« On piétine sur le peu qui reste de moi » : la plainte déposée en janvier 2026 par le comédien Arnaud Denis, dans le cadre du scandale des prothèses anti-hernie, a été classée sans suite « pour infraction insuffisamement caractérisée », annonce Arnaud Denis ce vendredi au groupe EBRA, dont fait partie votre journal.

Le 5 janvier 2026, le dramaturge de 43 ans, qui devrait « bientôt » se faire euthanasier en Belgique, a déposé plainte contre X pour blessures involontaires auprès parquet de Paris à la suite de graves complications médicales survenues après la pose d'un implant anti-hernie en 2023. Le comédien, comme des centaines de patients, tient pour responsable cette prothèse en polypropylène - qu'il s'est depuis fait retirer - de la détérioration inéxorable de son état de santé.

« Nous n'allons pas en rester là  »

« Je n'attendais rien hélas. Je suis révolté et désabusé, mais je n'ai plus d'énergie pour combattre », réagit Arnaud Denis auprès du groupe EBRA. « C'est comme si on me marchait sur la figure. On piétine sur le peu qui reste de moi. » 

« Les analyses effectuées n'ont pas permis de déterminer l'origine des effets indésirables. Si la chronologie et un raisonnement par élimination permet d'estimer qu'un lien est possible entre vos symptômes et l'implantation du dispositif médical, l'absence de lien de causalité certain établi sur des bases scientifiques empêche de rechercher une infraction pénale tant concernant le fabricant de la prothèse que les médecins ayant prescrit et posé ce dispositif », indique le parquet de Paris dans un courrier adressé le 31 août à Arnaud Denis, que nous avons pu consulter.

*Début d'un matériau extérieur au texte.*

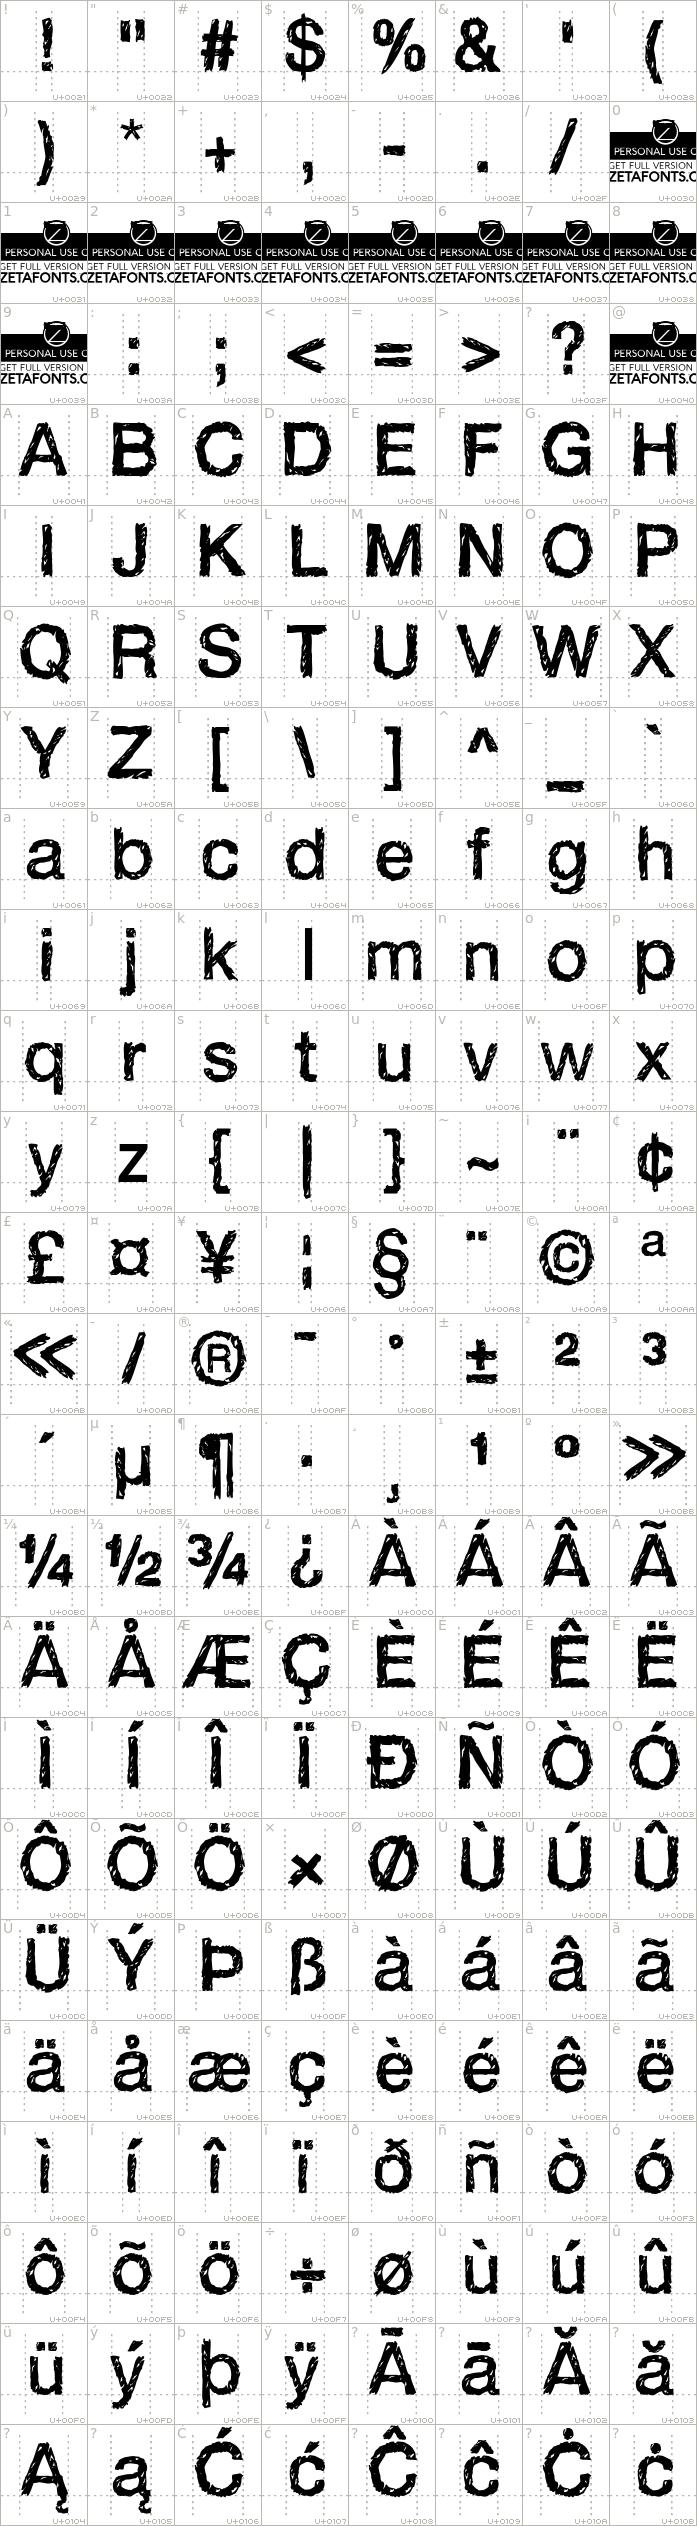 handvetica-neue.regular.character-map-1

Me Philippe Courtois, l'avocat d'Arnaud Denis, a saisi le doyen des juges d'instruction afin qu'une enquête puisse être ouverte. « Il est évident que nous n'allons pas en rester à une simple décision de classement sans suite qui de mon analyse est infondée. Il est indispensable qu'une instruction judiciaire soit ouverte », indique l'avocat spécialisé en droit de la santé au groupe EBRA. « Les signalements se multiplient. L'étude de l'ensemble des dossiers médicaux de ces patients permettront formellement d'établir un lien de causalité », ajoute Me Courtois.

Une plainte collective en préparation

Arnaud Denis a été le premier à tirer la sonnette d’alarme contre ce « scandale sanitaire » en France. Le comédien s'est vu diagnostiquer une encéphalomyélite myalgique sévère (une maladie neurologique et immunitaire) et un syndrome Asia. Ce dernier est un syndrome inflammatoire caractérisé par l’apparition de divers symptômes physiques et/ou neurologiques (fatigue intense, trouble cognitif, douleurs chroniques, etc.) à la suite d’une exposition à un adjuvant.

 Des victimes de toute la France prennent la parole pour raconter l’enfer qu’elles vivent depuis qu’elles se sont fait poser un implant pour une hernie au niveau de l’abdomen. Une plainte collective est en préparation, comme le groupe EBRA vous l'a révélé en janvier dernier.